Greg Kurz posted 1 patch 6 years, 1 month ago
Patches applied successfully (tree, apply log)
git fetch https://github.com/patchew-project/qemu tags/patchew/151791154436.32601.15403203498591276038.stgit@bahia.lan
Test checkpatch passed
Test docker-mingw@fedora passed
Test docker-quick@centos6 passed
Test ppc passed
Test s390x passed
There is a newer version of this series
migration/savevm.c |   21 ++++++++++++++++++---
1 file changed, 18 insertions(+), 3 deletions(-)
[Qemu-devel] [PATCH v2] migration: incoming postcopy advise sanity checks
Posted by Greg Kurz 6 years, 1 month ago
If postcopy-ram was set on the source but not on the destination,
migration doesn't occur, the destination prints an error and boots
the guest:

qemu-system-ppc64: Expected vmdescription section, but got 0

We end up with two running instances.

This behaviour was introduced in 2.11 by commit 58110f0acb1a "migration:
split common postcopy out of ram postcopy" to prepare ground for the
upcoming dirty bitmap postcopy support. It adds a new case where the
source may send an empty postcopy advise because dirty bitmap doesn't
need to check page sizes like RAM postcopy does.

If the source has enabled postcopy-ram, then it sends an advise with
the page size values. If the destination hasn't enabled postcopy-ram,
then loadvm_postcopy_handle_advise() leaves the page size values on
the stream and returns. This confuses qemu_loadvm_state() later on
and causes the destination to start execution.

As discussed several times, postcopy-ram should be enabled both sides
to be functional. This patch changes the destination to perform some
extra checks on the advise length to ensure this is the case.

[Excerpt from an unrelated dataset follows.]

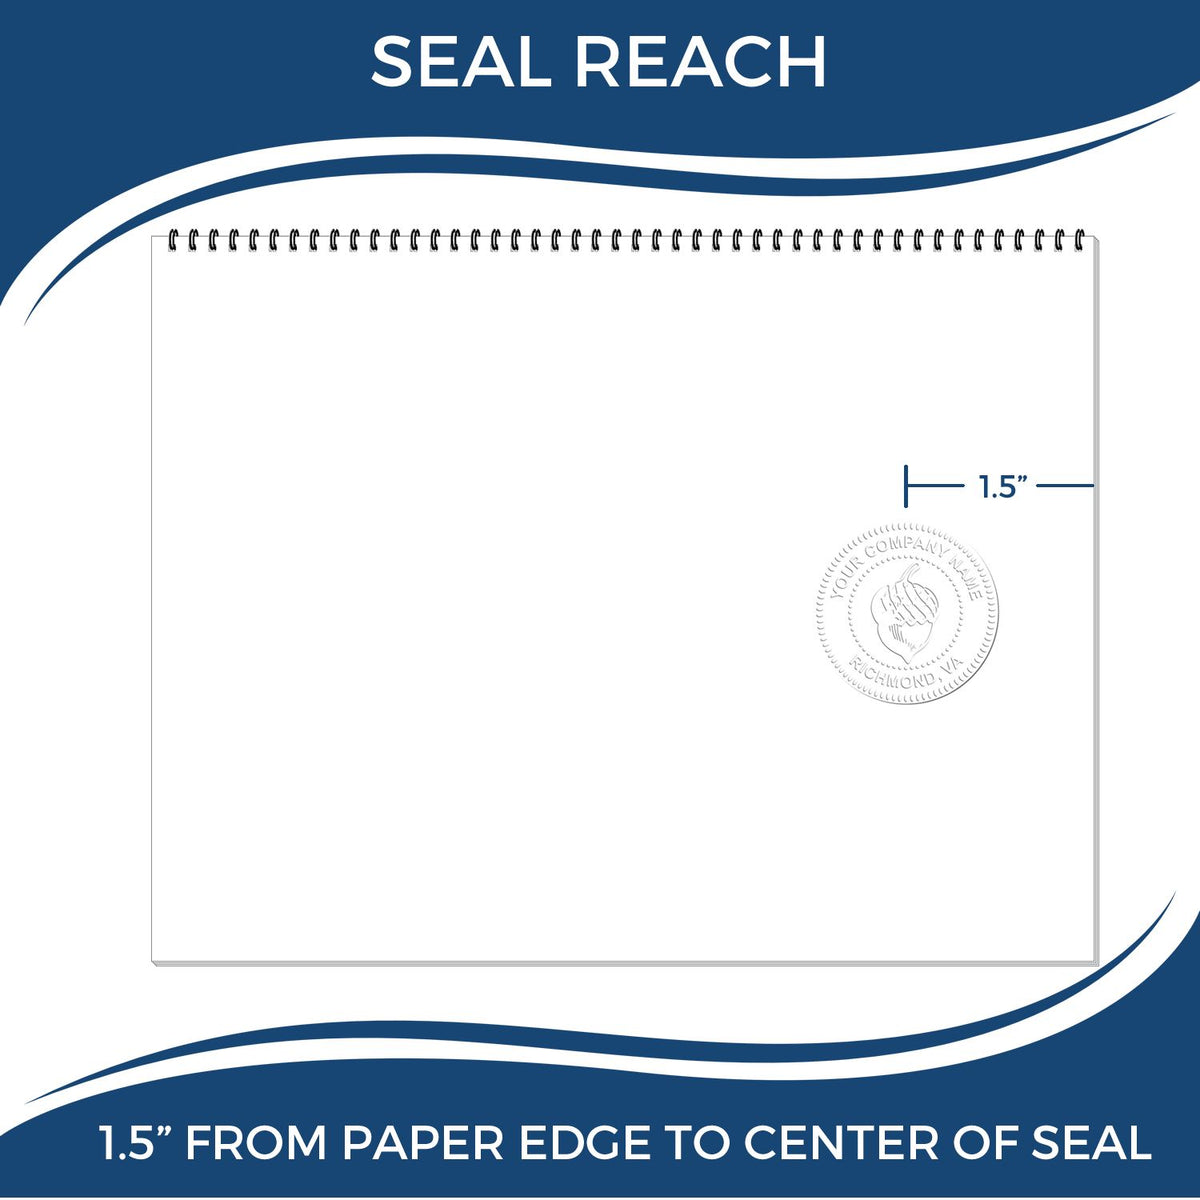 An infographic showing the seal reach which is represented by a ruler and a miniature seal image of the State of Hawaii Architectural Seal Embosser

Otherwise
an error is returned and migration is aborted.

Reported-by: Balamuruhan S <bala24@linux.vnet.ibm.com>
Signed-off-by: Greg Kurz <groug@kaod.org>
---
v2: - error out if postcopy-ram is enabled but the source hasn't sent the
      expected 16 byte advise
    - more descriptive message if postcopy-ram is disabled but the source
      has sent a 16 byte advise
---
 migration/savevm.c |   21 ++++++++++++++++++---
 1 file changed, 18 insertions(+), 3 deletions(-)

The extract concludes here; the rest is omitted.